Understanding, Accelerating, and Improving MeanFlow Training
Jin-Young Kim, Hyojun Go, Lea Bogensperger, Julius Erbach, Nikolai Kalischek, Federico Tombari, Konrad Schindler, Dominik Narnhofer
TL;DR
The paper investigates the training dynamics of MeanFlow, a diffusion/flow-based model that learns instantaneous velocity $v$ and average velocity $u$ jointly. It shows that forming $v$ early is crucial for successful $u$ learning, and that small temporal gaps $\Delta t$ in supervision aid $v$ formation while large gaps destabilize it; a task-affinity analysis further suggests starting with small-gap supervision to enable large-gap $u$ learning for one-step generation. The authors propose a simple, effective training scheme consisting of accelerating $v$-learning with timestep sampling and loss weighting, and progressively weighting $\mathcal{L}_u$ to shift focus from short- to long-interval averages, while integrating with MeanFlow's components. Empirically, the enhanced training yields faster convergence and stronger few-step generation, reducing the 1-NFE ImageNet 256×256 FID from $3.43$ to $2.87$ (MeanFlow-XL) and enabling the same performance with $2.5\times$ fewer epochs or a smaller backbone, demonstrating practical potential for real-time generation with few steps.
Abstract
MeanFlow promises high-quality generative modeling in few steps, by jointly learning instantaneous and average velocity fields.
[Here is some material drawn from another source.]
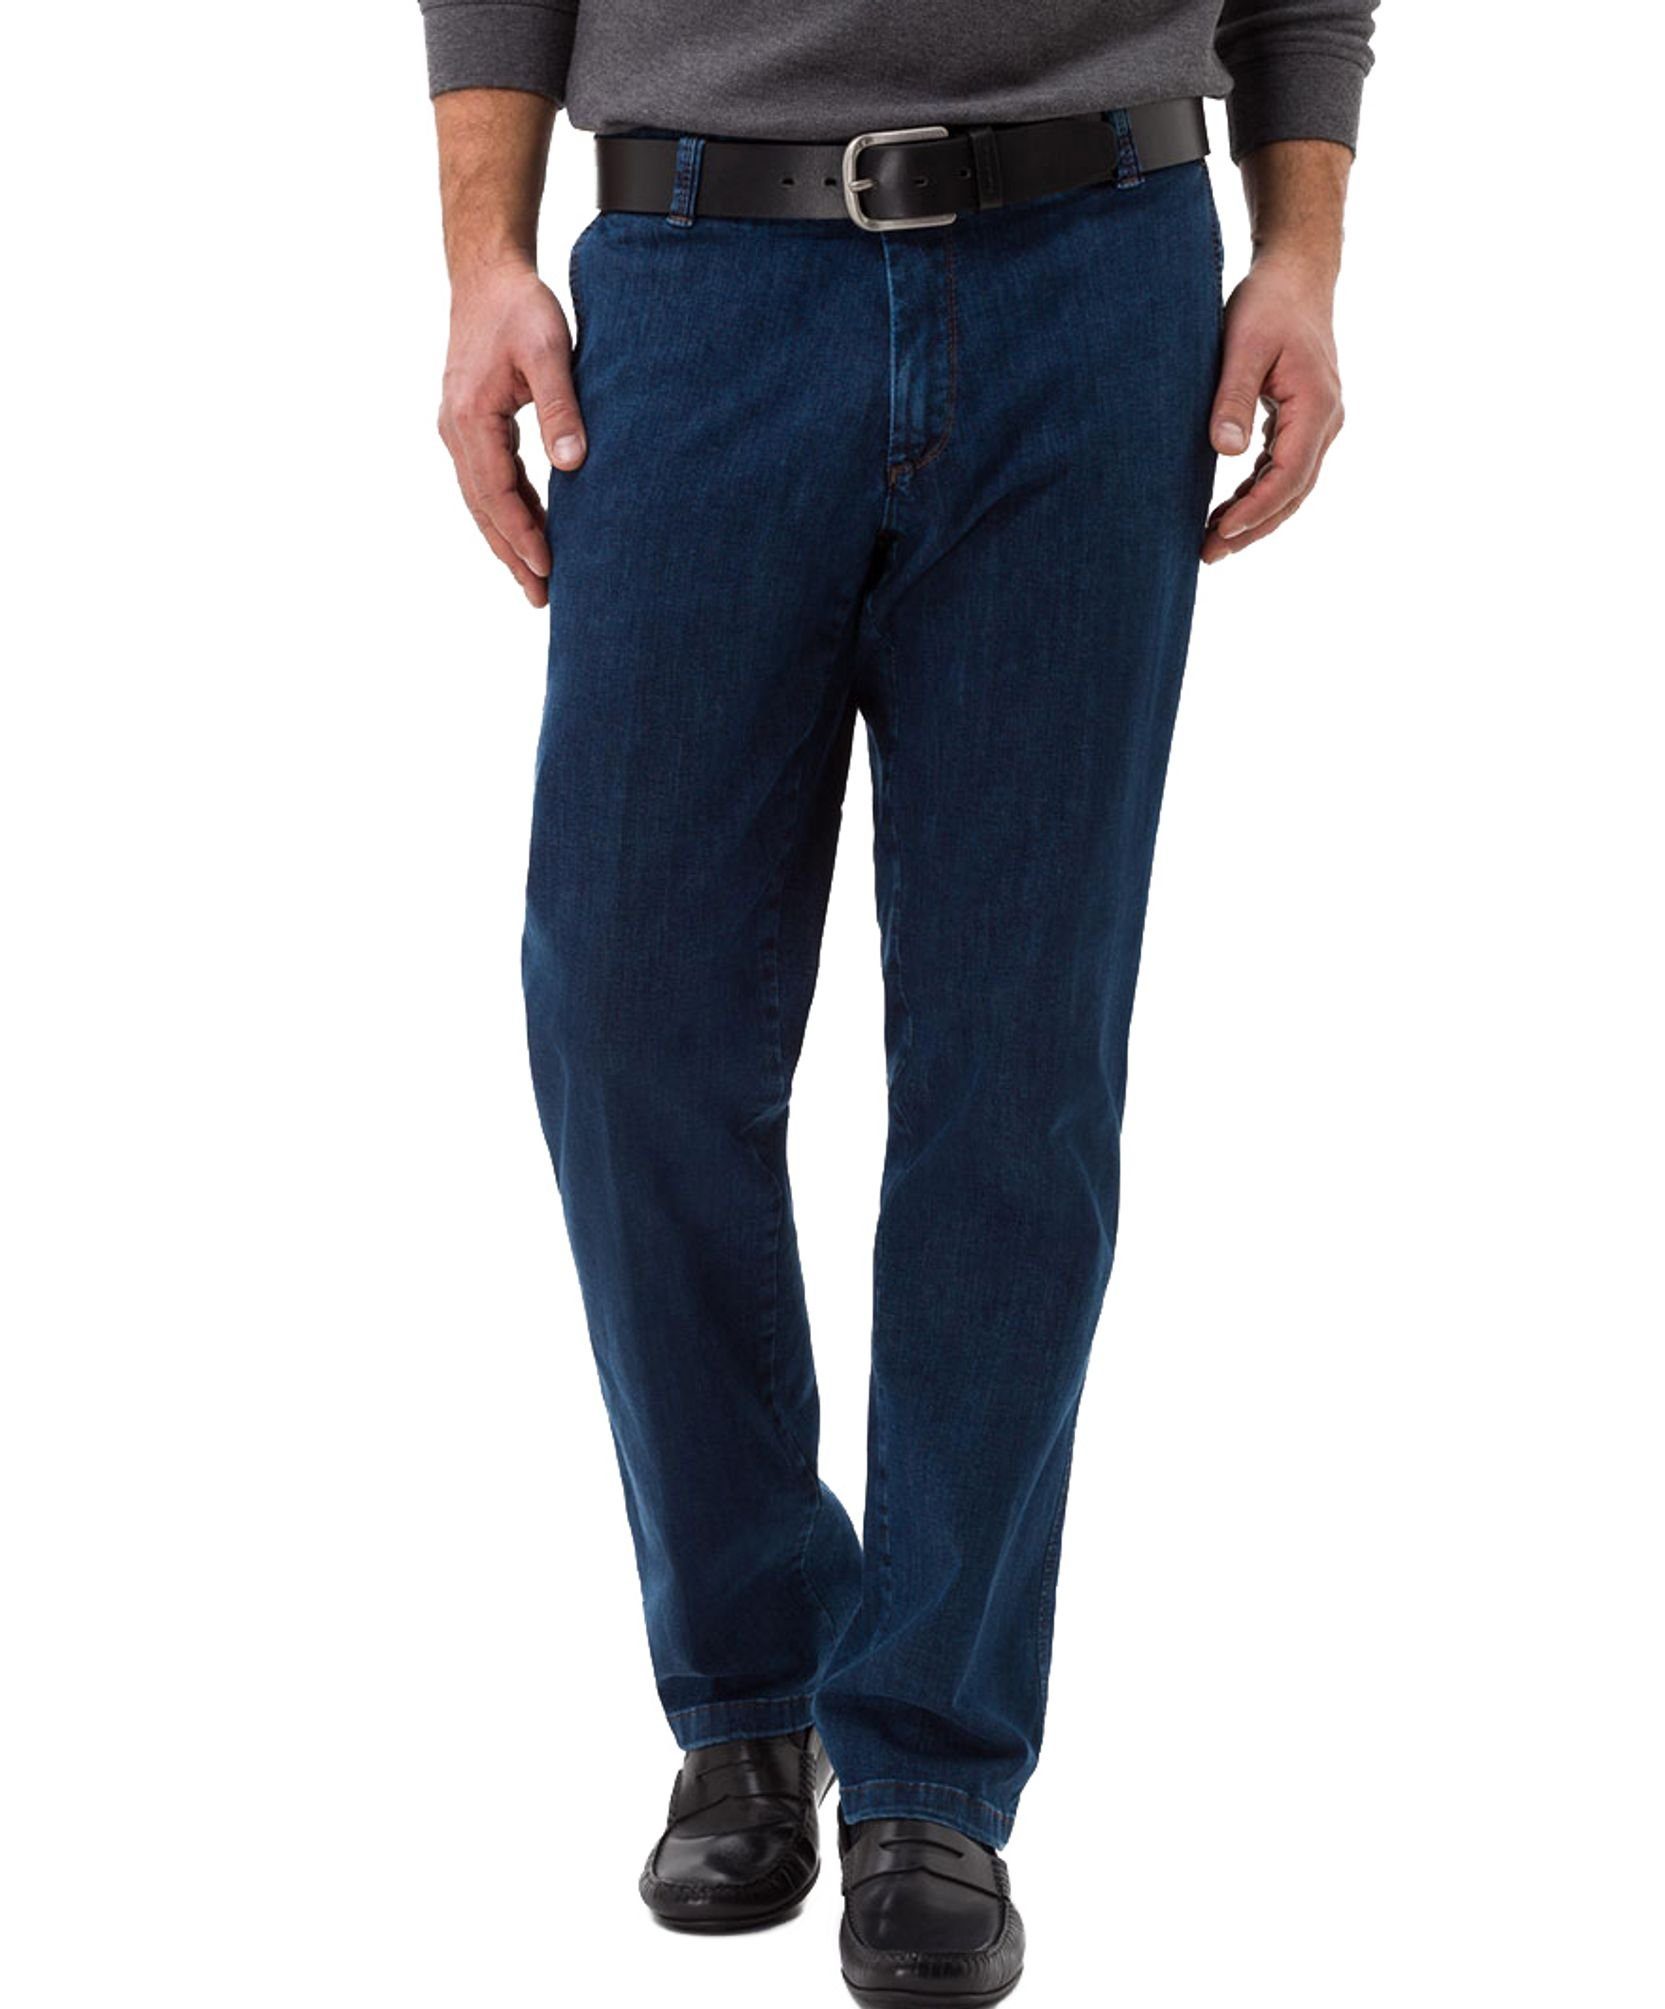 EUREX by BRAX 5-Pocket-Jeans online kaufen | OTTO

Yet, the underlying training dynamics remain unclear. We analyze the interaction between the two velocities and find: (i) well-established instantaneous velocity is a prerequisite for learning average velocity; (ii) learning of instantaneous velocity benefits from average velocity when the temporal gap is small, but degrades as the gap increases; and (iii) task-affinity analysis indicates that smooth learning of large-gap average velocities, essential for one-step generation, depends on the prior formation of accurate instantaneous and small-gap average velocities. Guided by these observations, we design an effective training scheme that accelerates the formation of instantaneous velocity, then shifts emphasis from short- to long-interval average velocity. Our enhanced MeanFlow training yields faster convergence and significantly better few-step generation: With the same DiT-XL backbone, our method reaches an impressive FID of 2.87 on 1-NFE ImageNet 256x256, compared to 3.43 for the conventional MeanFlow baseline. Alternatively, our method matches the performance of the MeanFlow baseline with 2.5x shorter training time, or with a smaller DiT-L backbone.